Principles of inclusion and diversity take some effort to implement since humans are generally hardwired to distrust people who are different, according to Victor Hwang and Greg Horowitt, authors of The Rainforest: The Secret to Building the Next Silicon Valley.
“Diversity is survival,” the authors evocatively describe. “A radical embrace of inclusion helps because the best ideas often come from unexpected places,” they add. The focus should be on “culture add” and not just “culture fit.”
Identity diversity and cognitive diversity are both important, embracing people of different origins, race, gender, fields and skills. Such people should be welcome, respected and able to participate fully, the authors suggest.
Diversity is not just a good moral or ethical practice, but is profitable. It can open up unseen markets, according to Miriam Rivera, MD of Ulu Ventures.
“Adopt a mindset of abundance rather than scarcity,” the authors advise. Ecosystems are positive-sum games and not zero-sum games, and everyone gains by being a positive contributor to the collective. “Founders first” and “give first” are essential attitudes to follow and practice.
The “iceberg model” of systems thinking has events and activities at the top, which build on underlying patterns, trends, structures, and mental models (worldviews based on assumptions and beliefs).
Community spaces, storytelling activities, smooth information flows, and collaboration can be effective “leverage points,” the authors describe. Bridging and bonding practices are important for collaboration between and within groups.
Successful entrepreneurs should become mentors, and share their wisdom, energy and time. As role models, they motivate aspiring entrepreneurs to take their own leaps. “Being visible, telling stories, and elevating successful entrepreneurial leaders is critical,” the authors emphasise.
Having a long-term view of at least 20 years is important to sustain an entrepreneurial ecosystem, according to the authors.
The community should be proactive, and continually engaged in stimulating activities like demos, hackathons and topical meetups. A mature community may even have more than one startup activity each day.
MIT promotes and cultivates an entrepreneurial community in its campus via a systems-thinking approach of experimentation and iteration. It also follows the ‘4 H’ principles of hands, heart, head, and home to promote local entrepreneurship as a craft.
A group of 75 individuals in New York city created The Fund as an investment vehicle and community development endeavour. This eventually helped bridge the funding gap for local entrepreneurs, according to Jenny Fielding, Founder of The Fund and Managing Director of Techstars.
Having a long-term view of committed leadership helped transform and accelerate the startup community in Durham, North Carolina, according to Chris Heivly, SVP of Techstars. After the collapse of the tobacco industry, local leaders rallied entrepreneurs into a space called the American Underground in 2009.

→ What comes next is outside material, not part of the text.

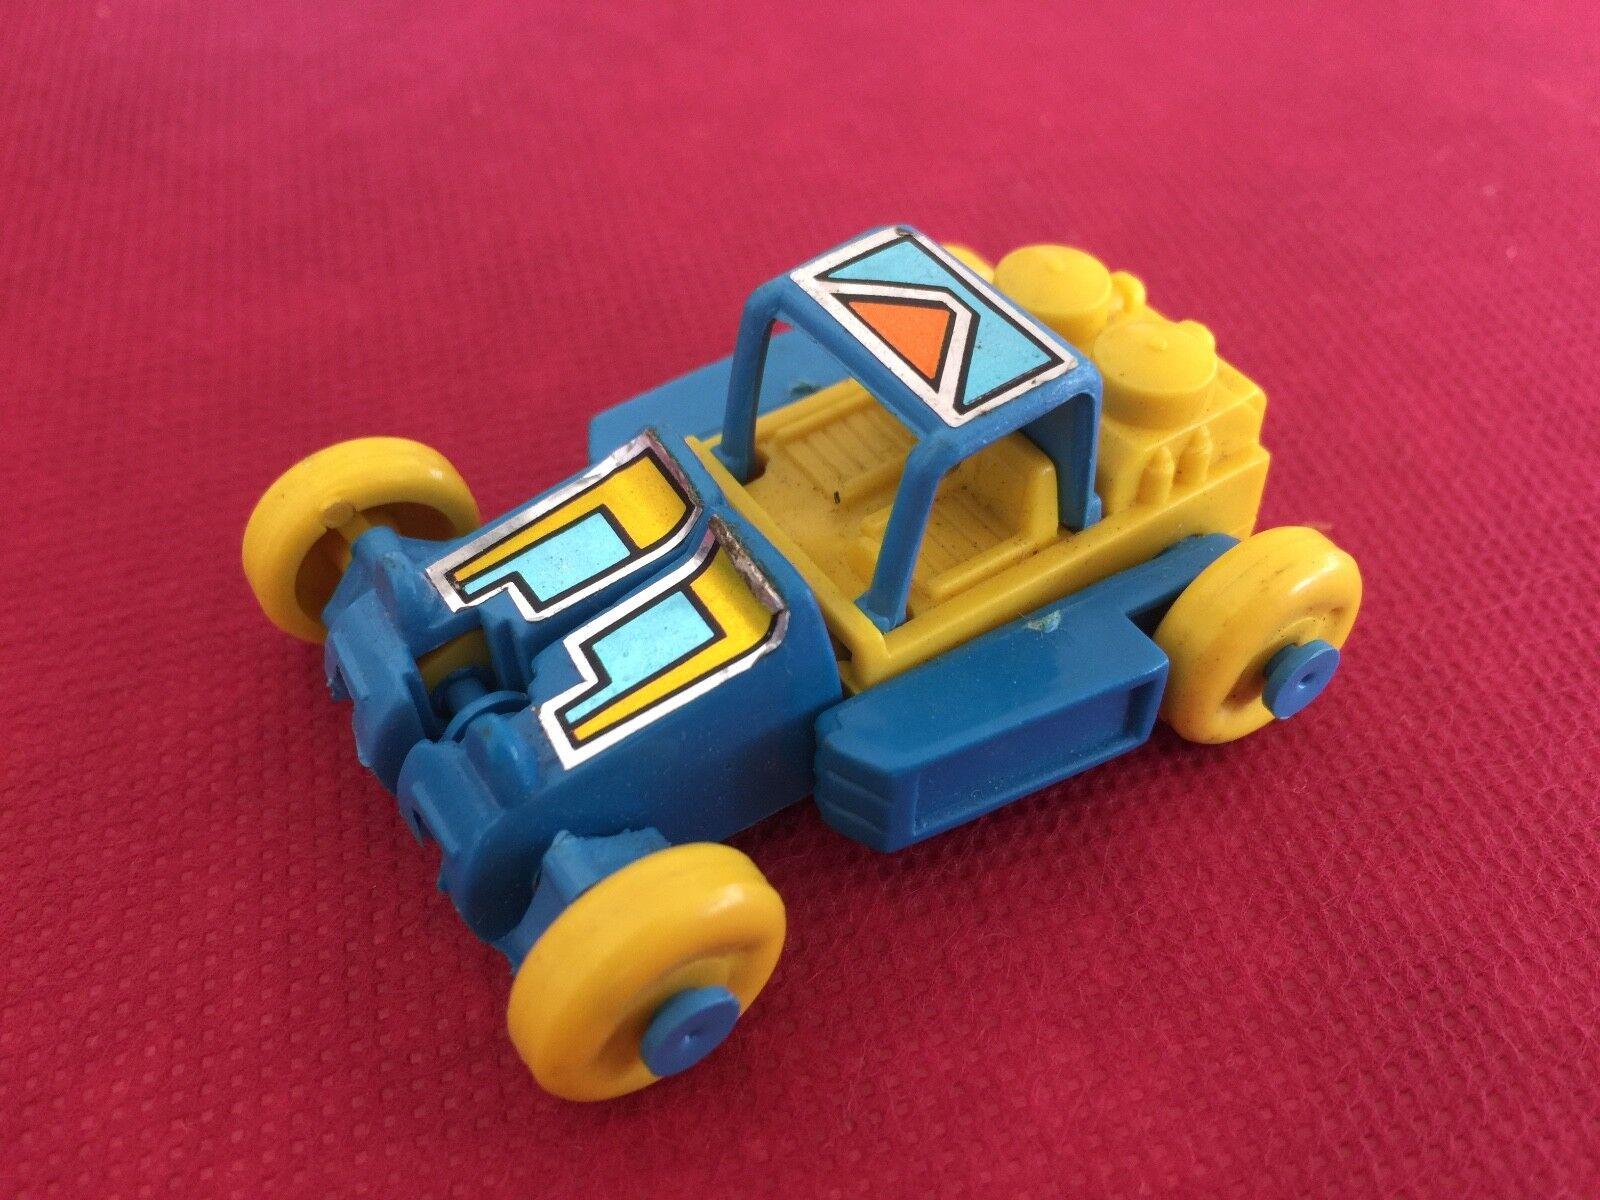 Transformers GISMA yellow BEACHCOMBER figure spannish european

Accelerators and successful founders became anchor tenants, and a wide range of formal and informal community activities helped increase entrepreneurial density. This bottom-up and generational view helped create the necessary magic.
“The complexity lens has illuminated the paths for us in better understanding and engaging with startup communities,” the authors sign off.
In sum, this is a must-read book for entrepreneurs, policymakers, corporates, investors and educators on how they can collaborate to create a win-win outcome for all players. A mature and sustainable startup community benefits founders as well as a broader range of innovators and stakeholders, which is particularly relevant in the times of the pandemic crisis and beyond.